EXERCISE GOAL:
Look for the line containing "Pair of Ballard" and the line containing "A Research on" in the entries below. Copy those two and all lines between them exactly, leaving out pictures.

DATASET EXTRACT:
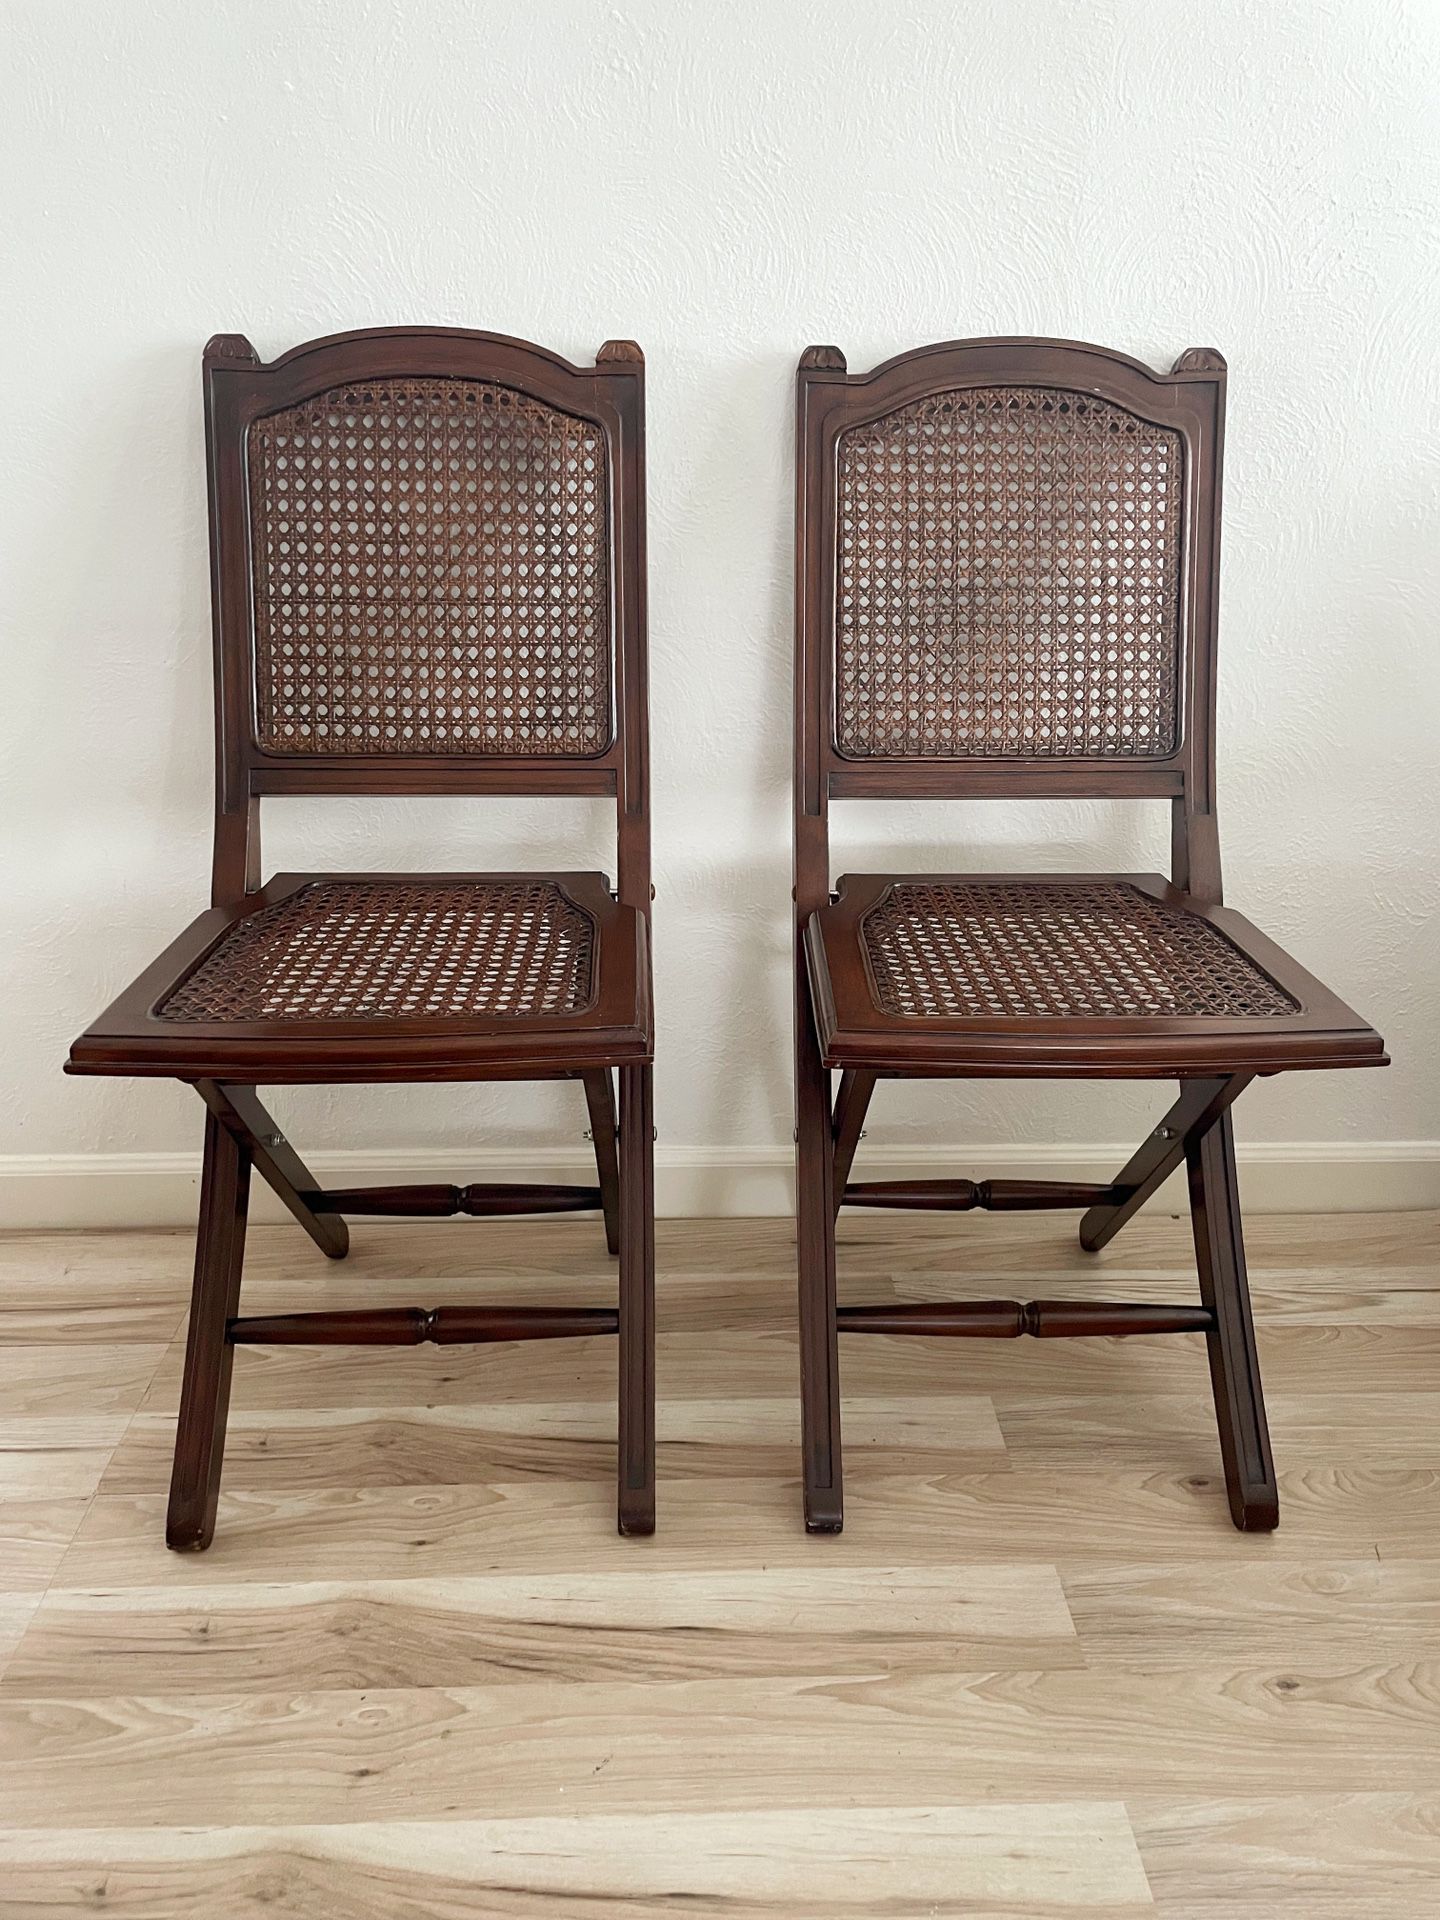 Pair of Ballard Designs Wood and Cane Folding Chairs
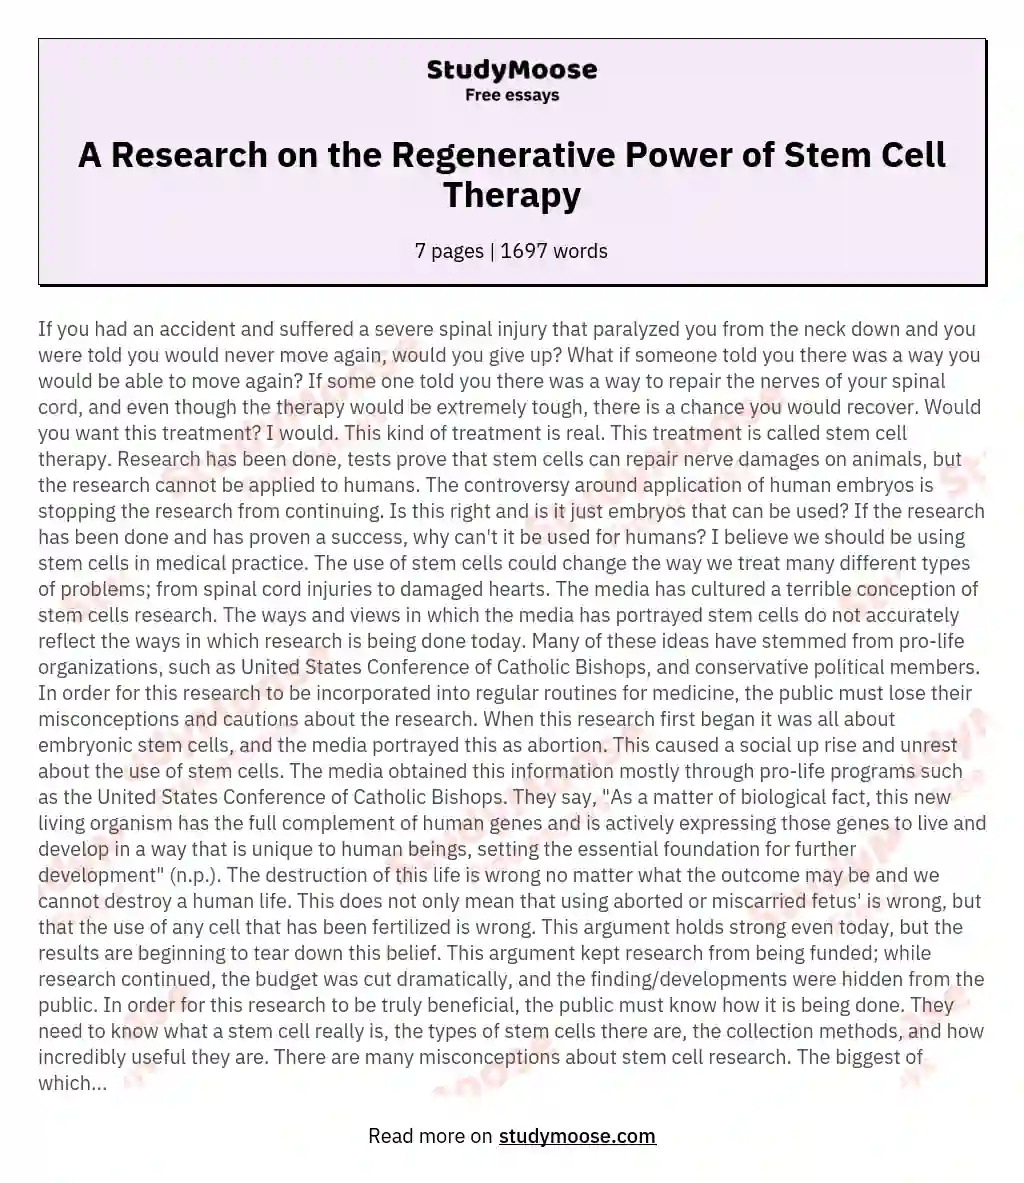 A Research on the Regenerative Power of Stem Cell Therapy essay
==
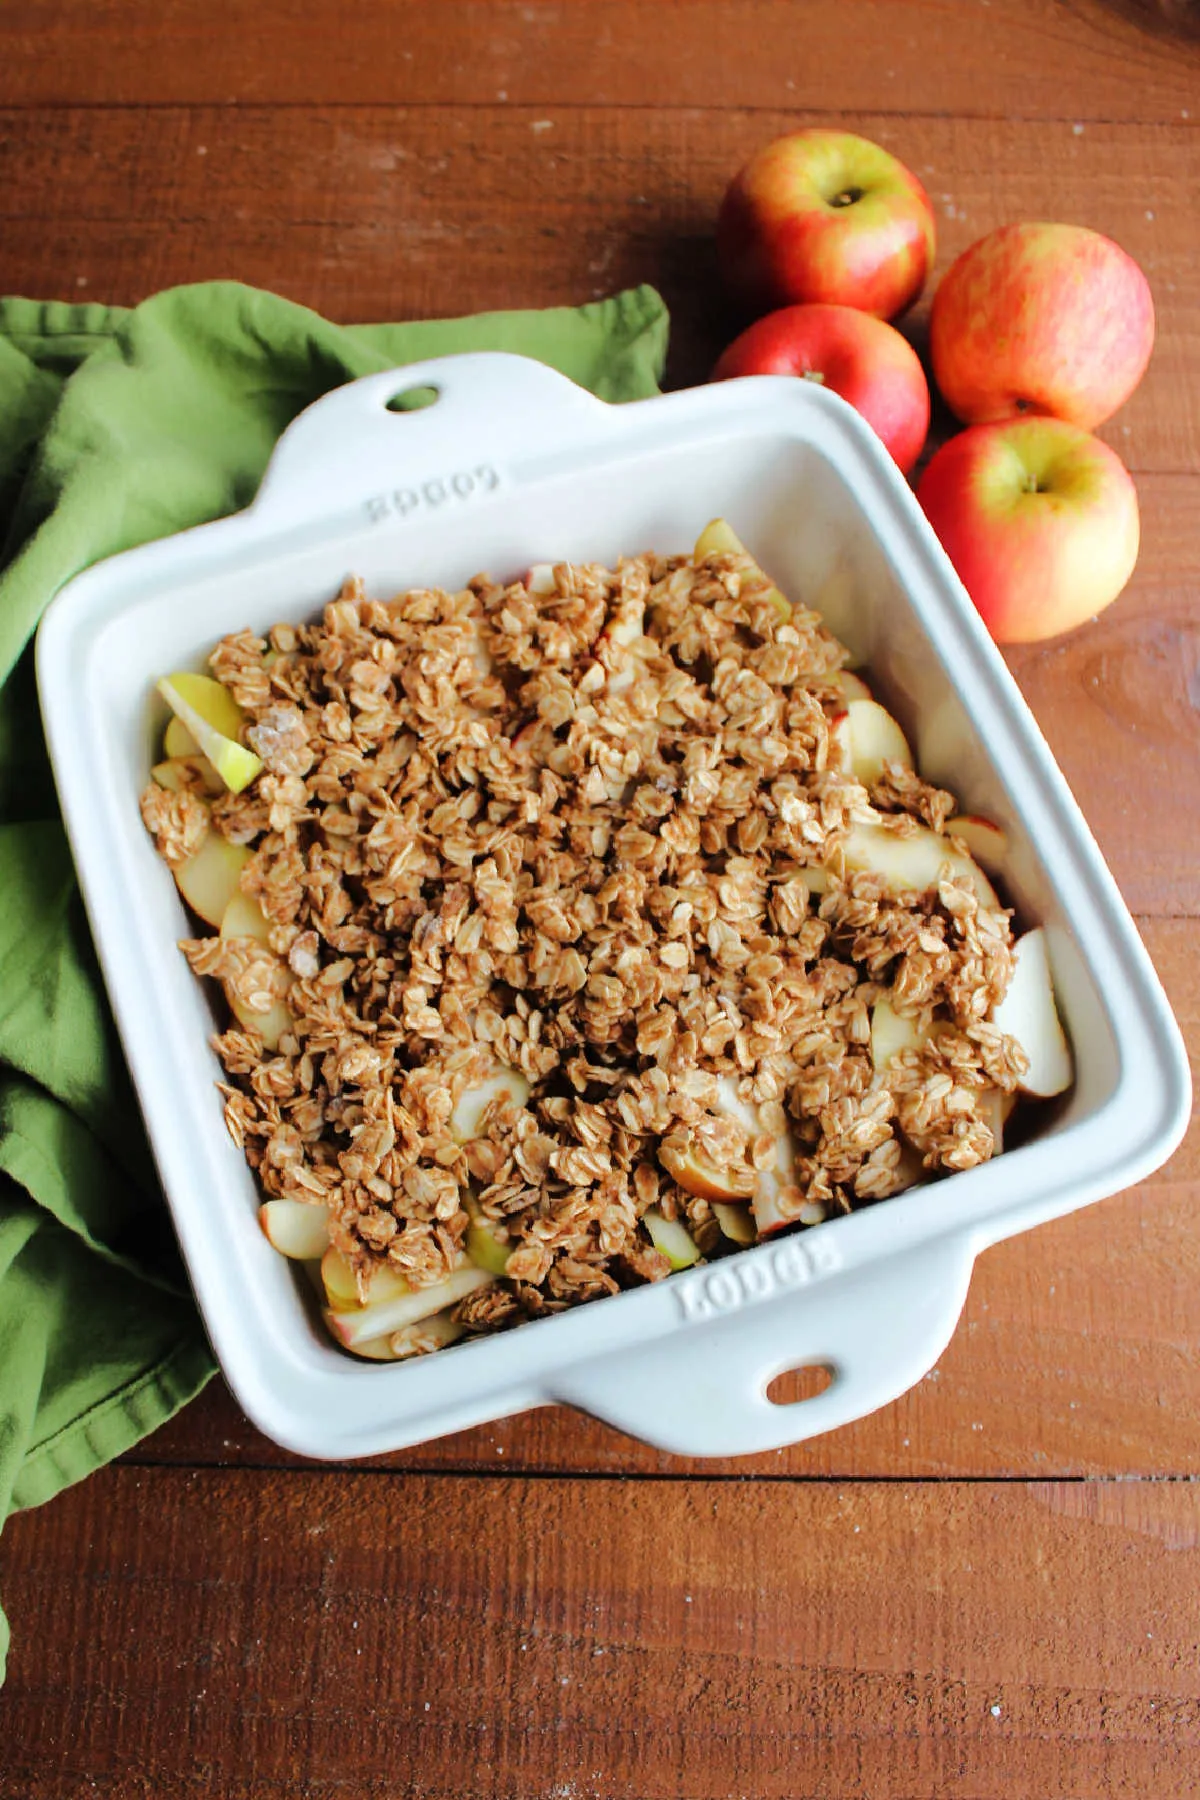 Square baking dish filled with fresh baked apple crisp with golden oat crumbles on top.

ANSWER:
 Pair of Ballard Designs Wood and Cane Folding Chairs
 A Research on the Regenerative Power of Stem Cell Therapy essay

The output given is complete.